Volume 14, Issue 42 ~ October 19 - October 25, 2006

Gunk- Holin’
by Alice Snively

La Trappe Creek

Pack for cool nights, cook comfort foods, discover a bight and watch the sun set

It’s autumn on the Bay, defined for most boaters as after Labor Day. Recreational boat traffic is a mere fraction of what it was mid-summer. The weather is sunny and mostly dry, and temperatures are pleasantly warm by day and cool at night. It’s a great time for another weekend cruise. Why not a visit to the Choptank River?

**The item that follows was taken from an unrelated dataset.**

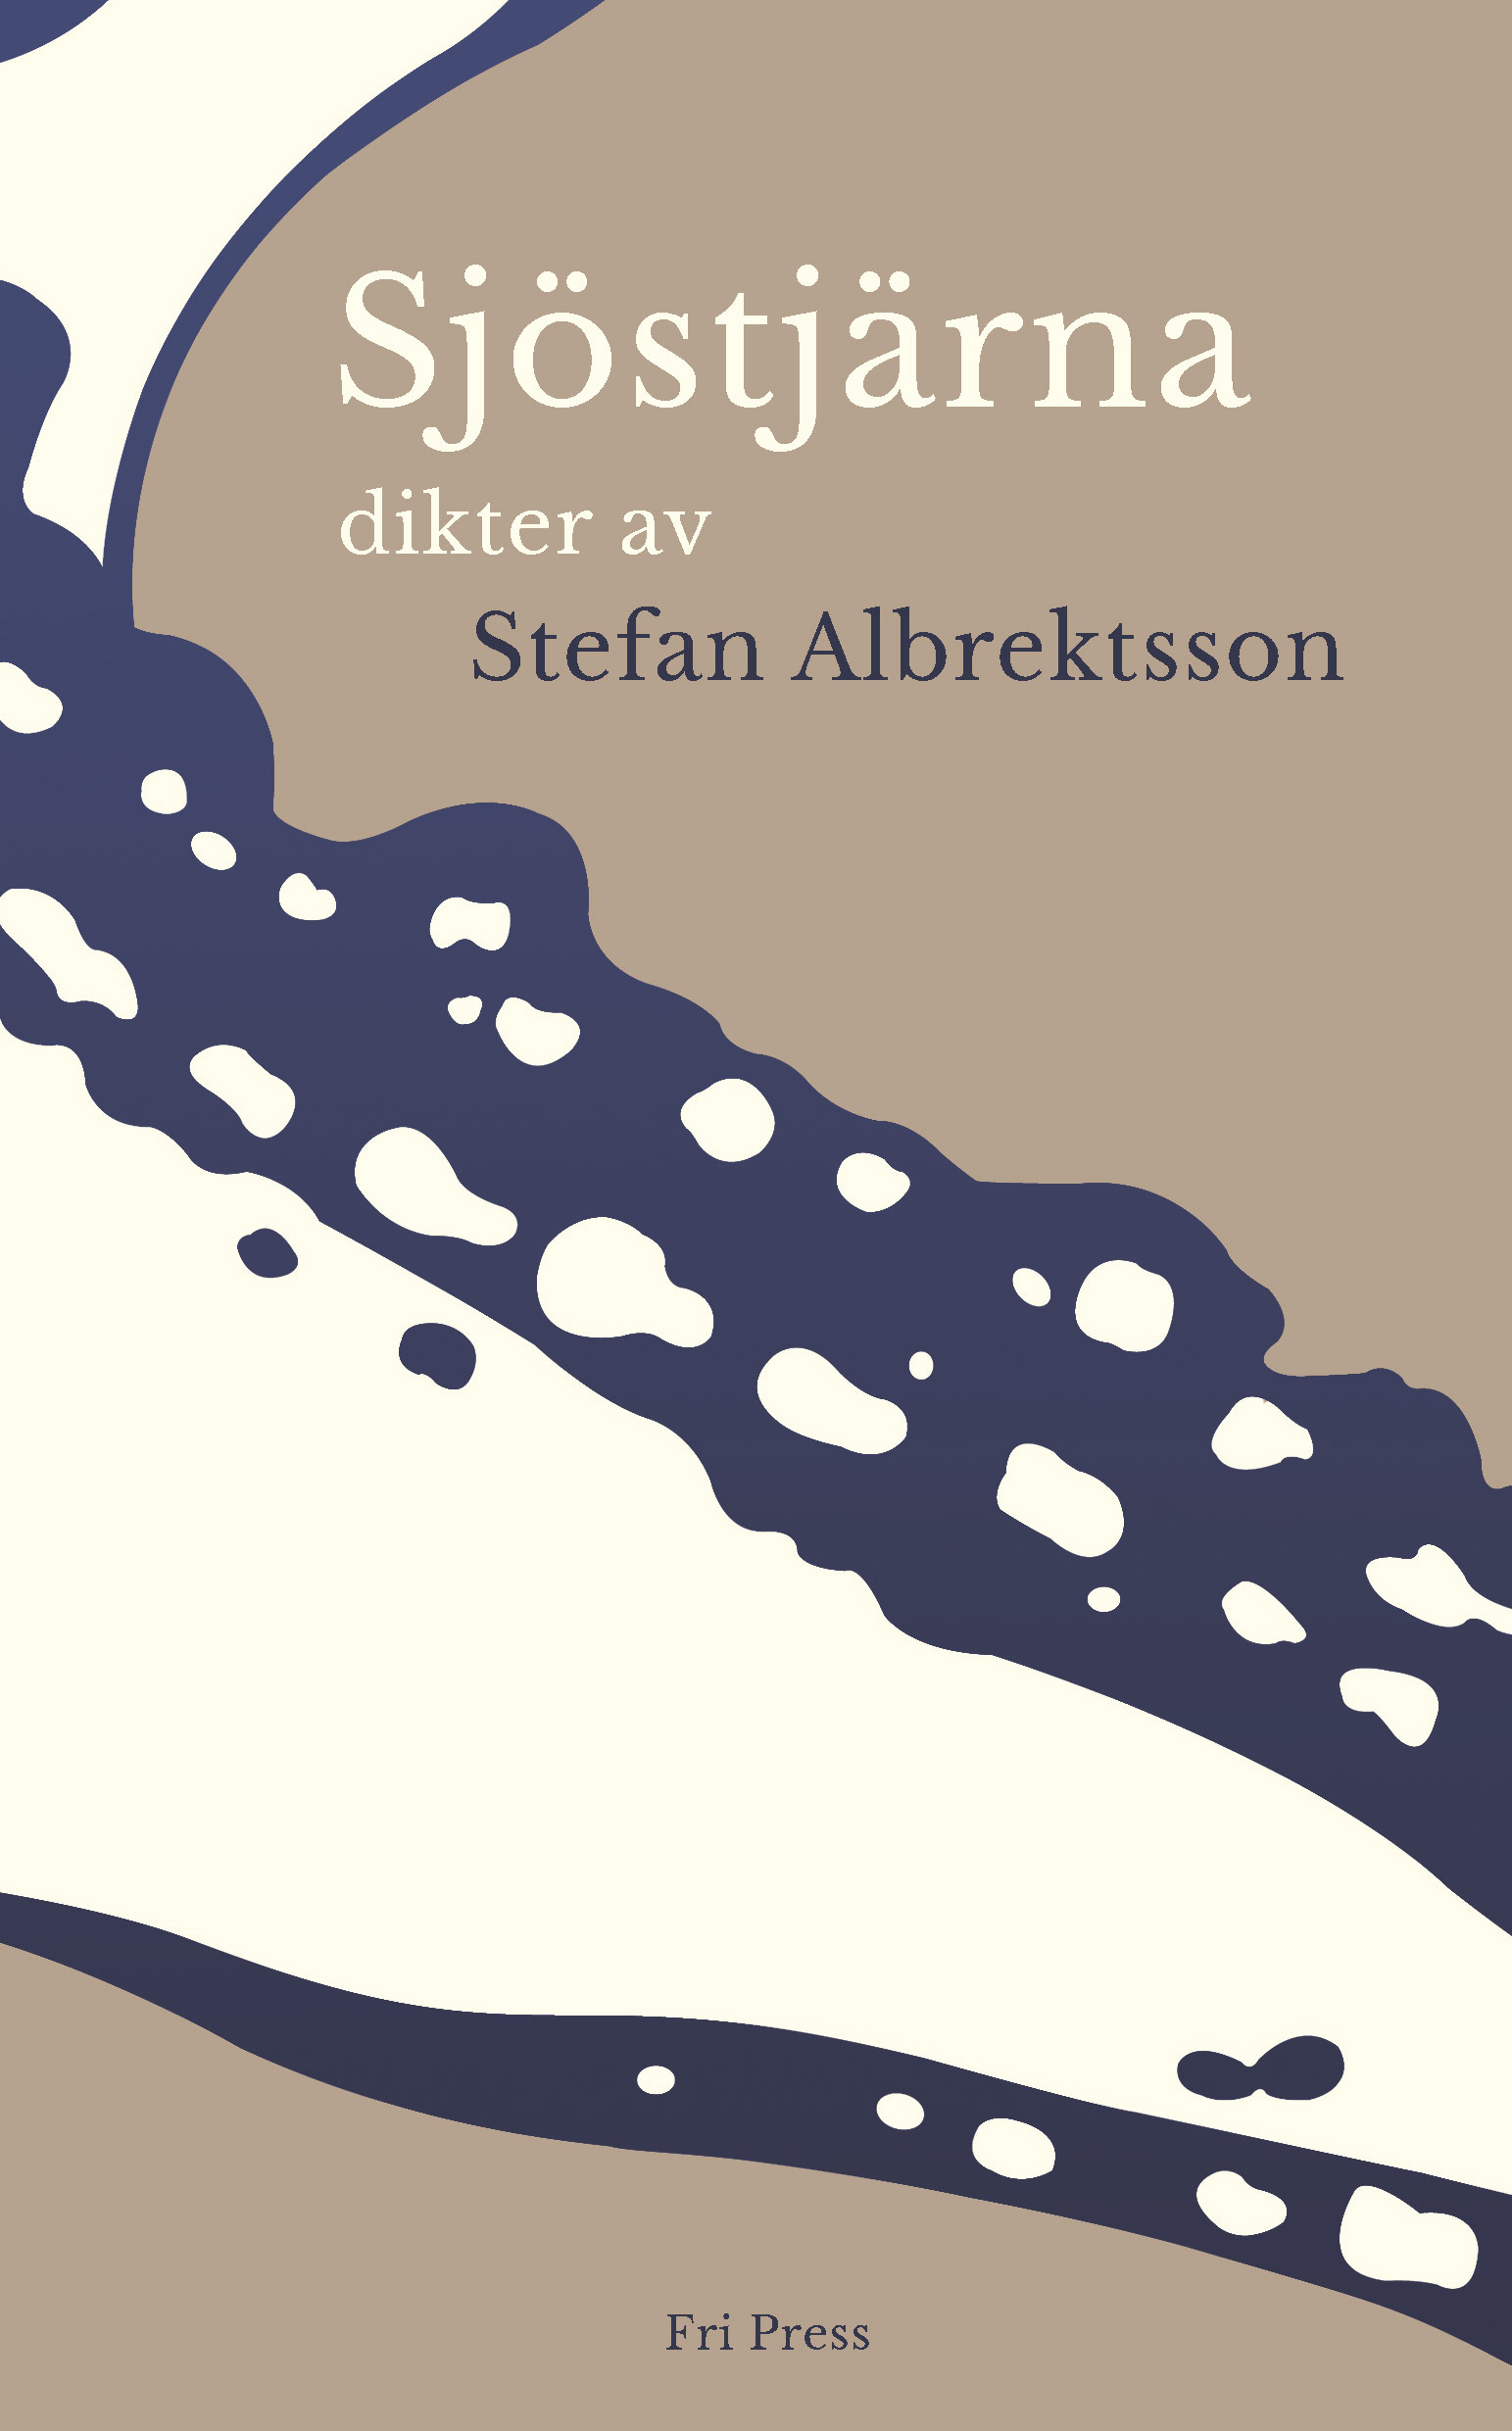 Bild: omslag till Stefan Albrektssons 'Sjöstjärna'. Det är ljusbrunt och blått och en anar en sjöstjärnearm.

Take a Bight Out of La Trappe

For a weekend trip, La Trappe Creek is an easy destination. There are several anchorages on this scenic little waterway, but a good first place to drop your hook is inside the bight that embraces part of the mouth of the creek. This feature, formed by a sandbar expanding from the western bank, has some beach and also vegetation ranging from scrubby bushes to trees, and still affords a view across the river itself.

La Trappe is located on the northeast shore of the river across from Lecompte Bay. Consult your charts to reach Choptank River and proceed to the Red 10 bell buoy well inside the wide mouth of the river. From there, proceed on a heading of about 103 degrees for about six miles to the Red 14. Thence a heading of 133 degrees will take you a little less than two miles to the Red 16. Be sure to keep this buoy well to starboard when you pass, because the water shallows to two feet on the south side of it.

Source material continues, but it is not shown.